ブリタニカ国際大百科事典 小項目事典の解説

イラン南西部およびイラクを支配したダイラム人のシーア派王朝 (932頃~1062) 。ブーヤ朝ともいう。ダイラムの土着王族出身と伝えられるブワイフ家のアリーハサン,アフマドの3兄弟は,サーマン朝配下を離れ,ジヤール朝のマルダービージュに仕えて,イラン南西部に勢力を拡大し,やがてファールス,ジバール,ケルマーンにそれぞれ自立。 945年アフマドはアッバース朝カリフ治下のバグダードに入城し,カリフからムイッズ・ウッダウラ Mu`izz al-Dawlaの称号を授けられると同時に,大アミールに任じられて事実上の実権を掌握した。彼はスンニー派のカリフを保護下におき,同じシーア派の一派イスマーイール派のファーティマ朝と対立した。

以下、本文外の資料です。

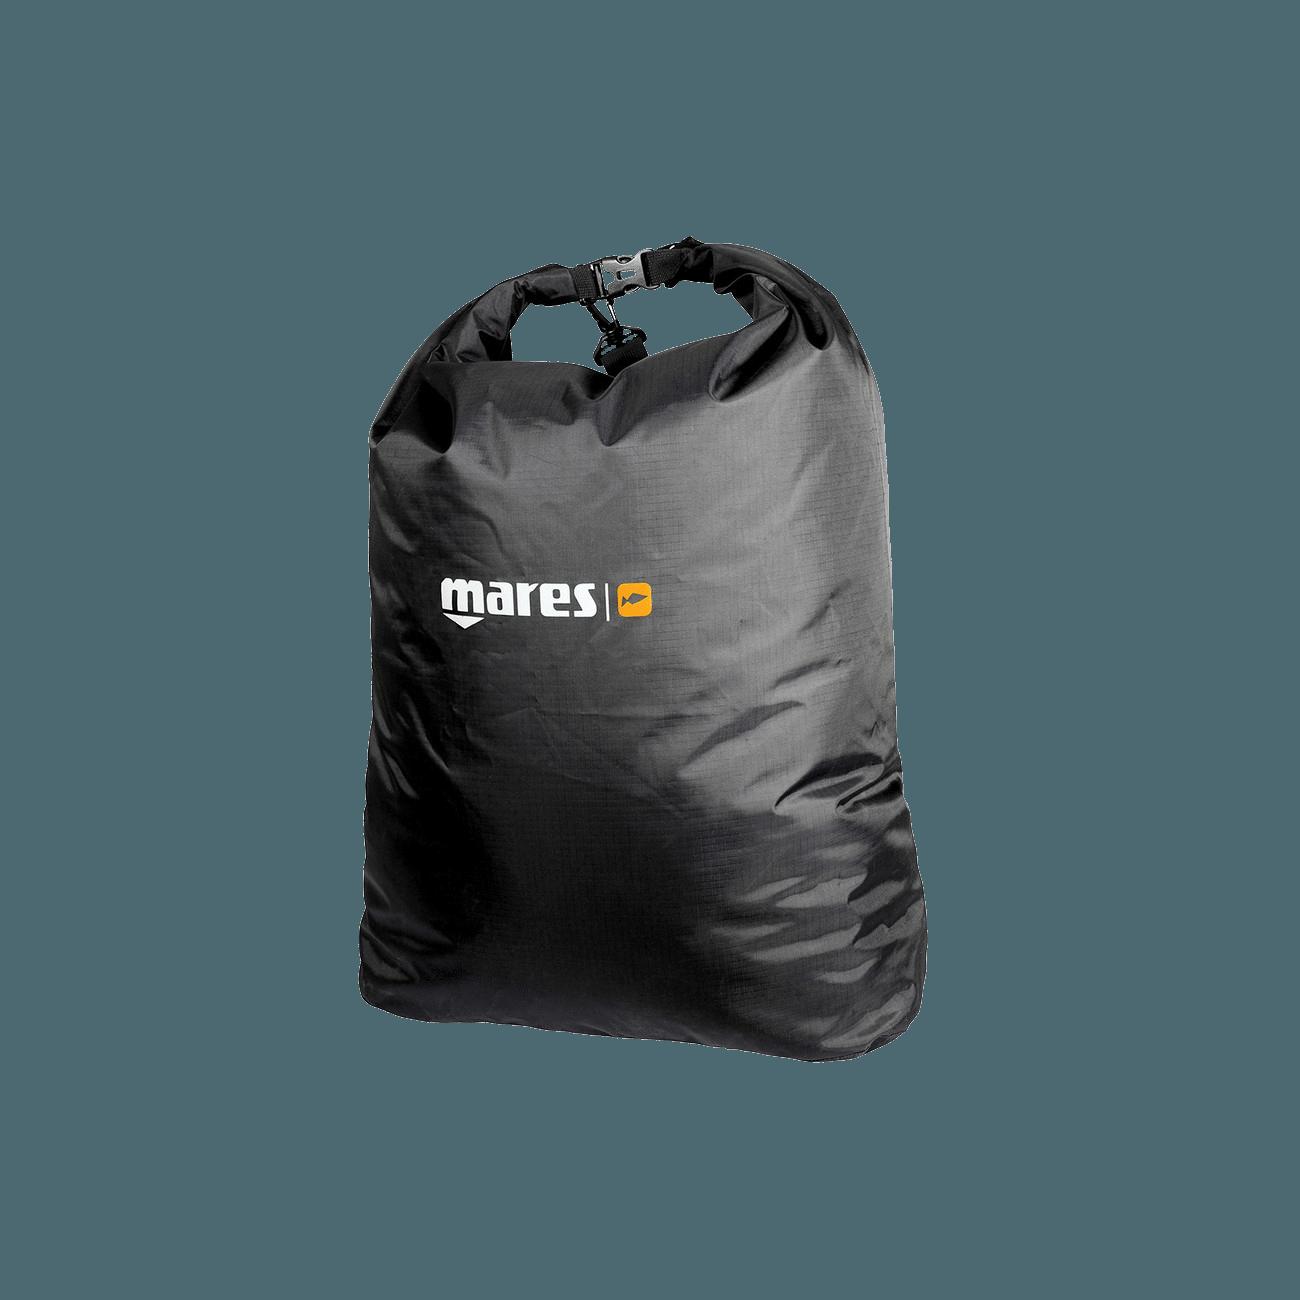 Mares Dry Bag | Mares Bags | Mares Singapore
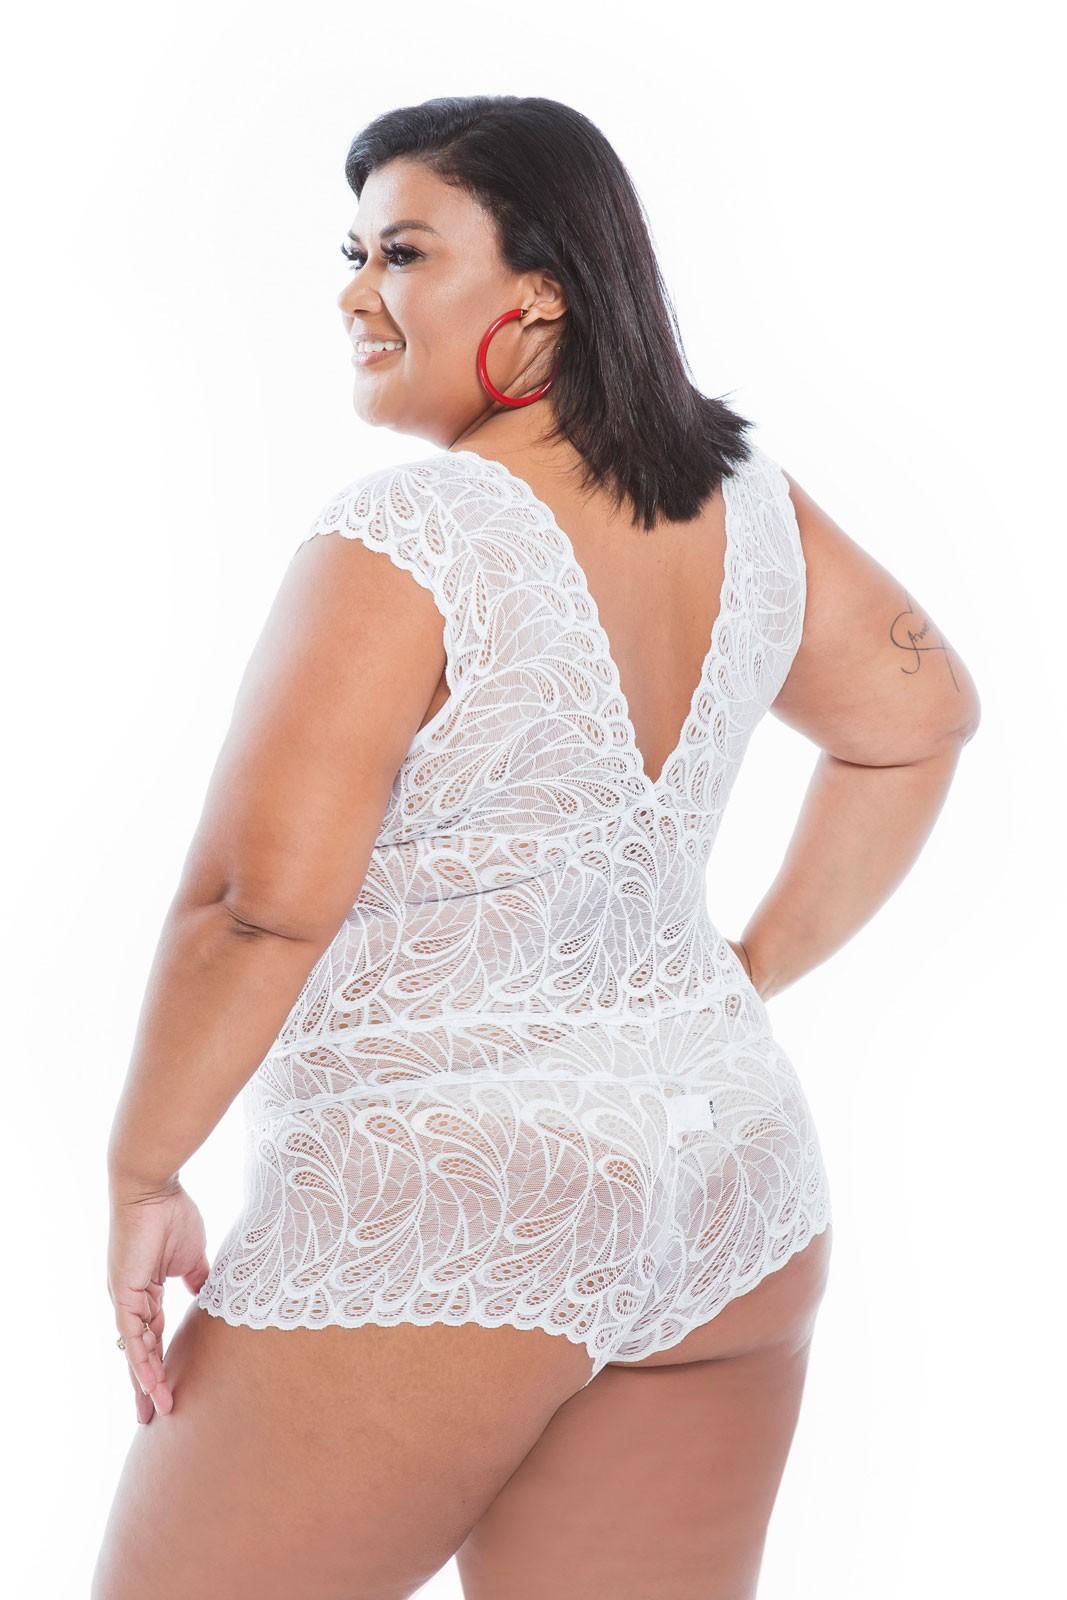 Macaquinho Regata Renda Branco  - RMCE BRAZIL

アフマドの息子アズド・ウッダウラ (在位 949~983) はブワイフ家を統合して膨張政策をとり,西方ハムダーン朝,東方のジヤール朝,サーマン朝と抗争を繰返した。アズド・ウッダウラの没後,王朝は分裂し,1029年ガズニー朝のマフムードにジバールを奪われ,55年にはセルジューク朝トグルル・ベグにバグダードを占領されて,ついに 62年シーラーズも陥落して滅亡した。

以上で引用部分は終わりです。